Study material START

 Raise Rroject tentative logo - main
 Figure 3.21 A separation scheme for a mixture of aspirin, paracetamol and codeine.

Study material END
Study material START

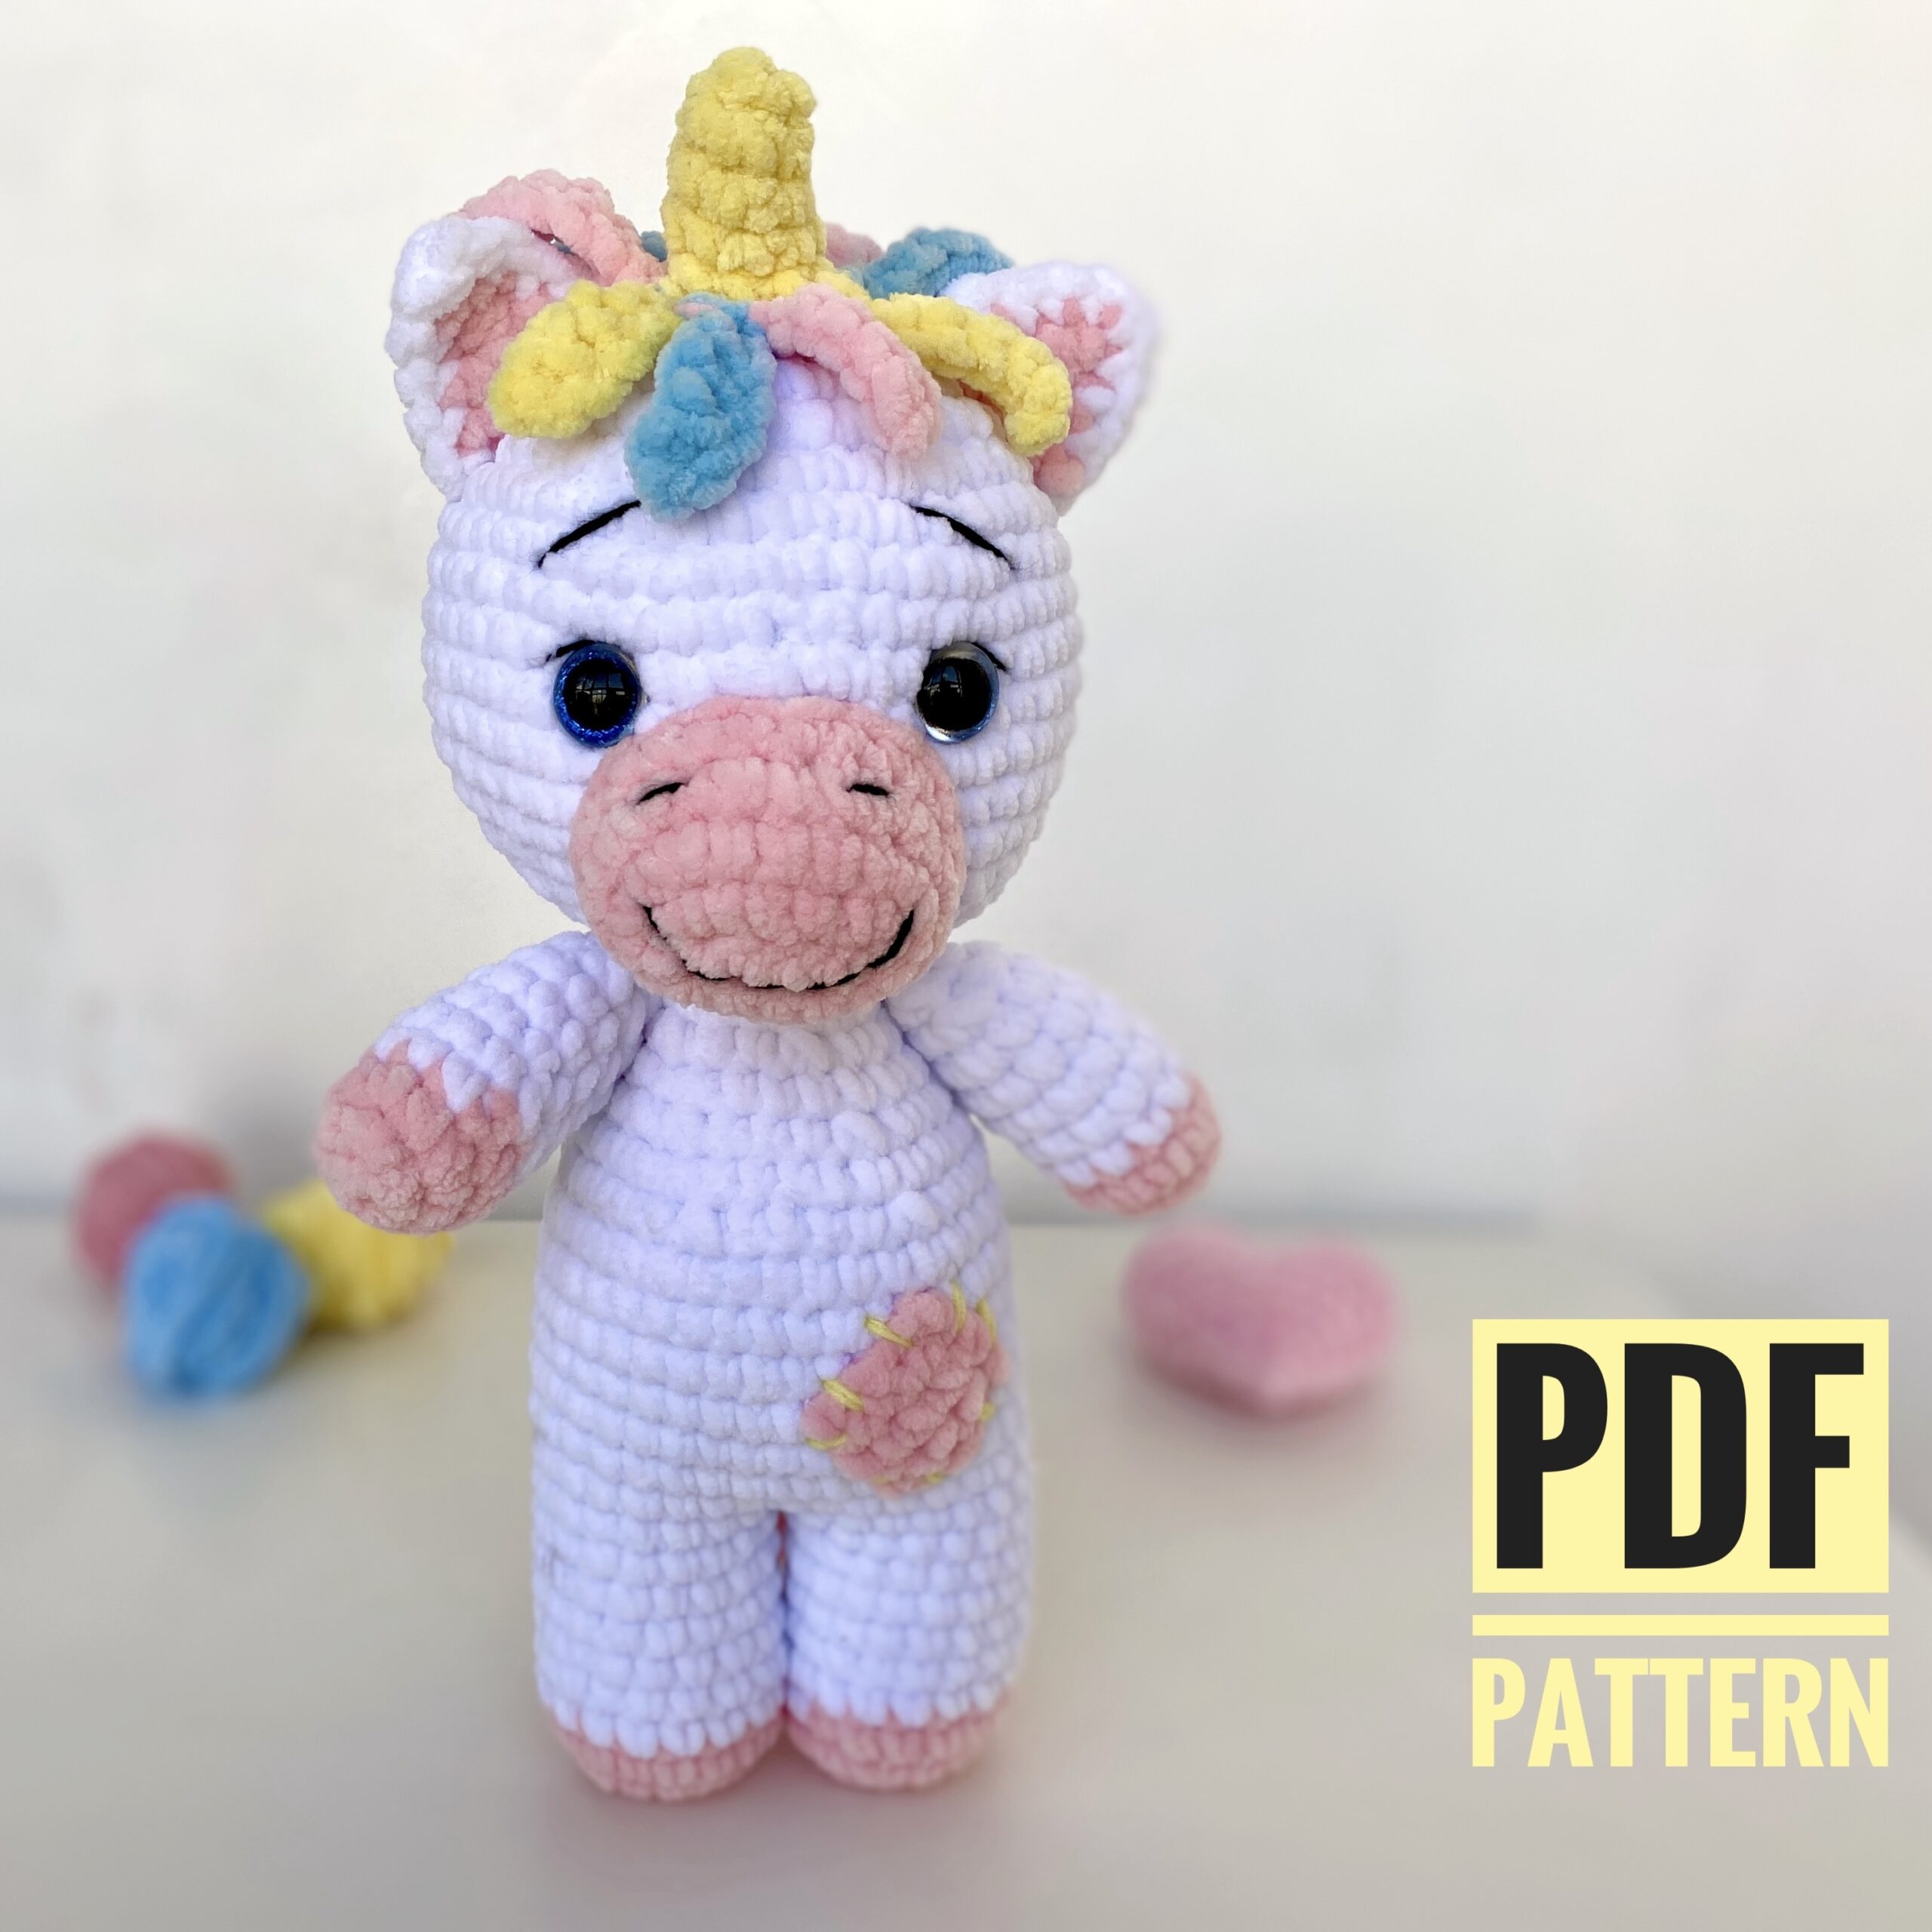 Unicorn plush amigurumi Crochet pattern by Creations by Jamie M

Study material END

## Work instruction
Using the entries above, return exactly the lines from the line with "Raise Rroject tentative logo - main" to the line with "Figure 3.21 A", counting both of those lines.

## Result of this exercise
 Raise Rroject tentative logo - main
 Figure 3.21 A separation scheme for a mixture of aspirin, paracetamol and codeine.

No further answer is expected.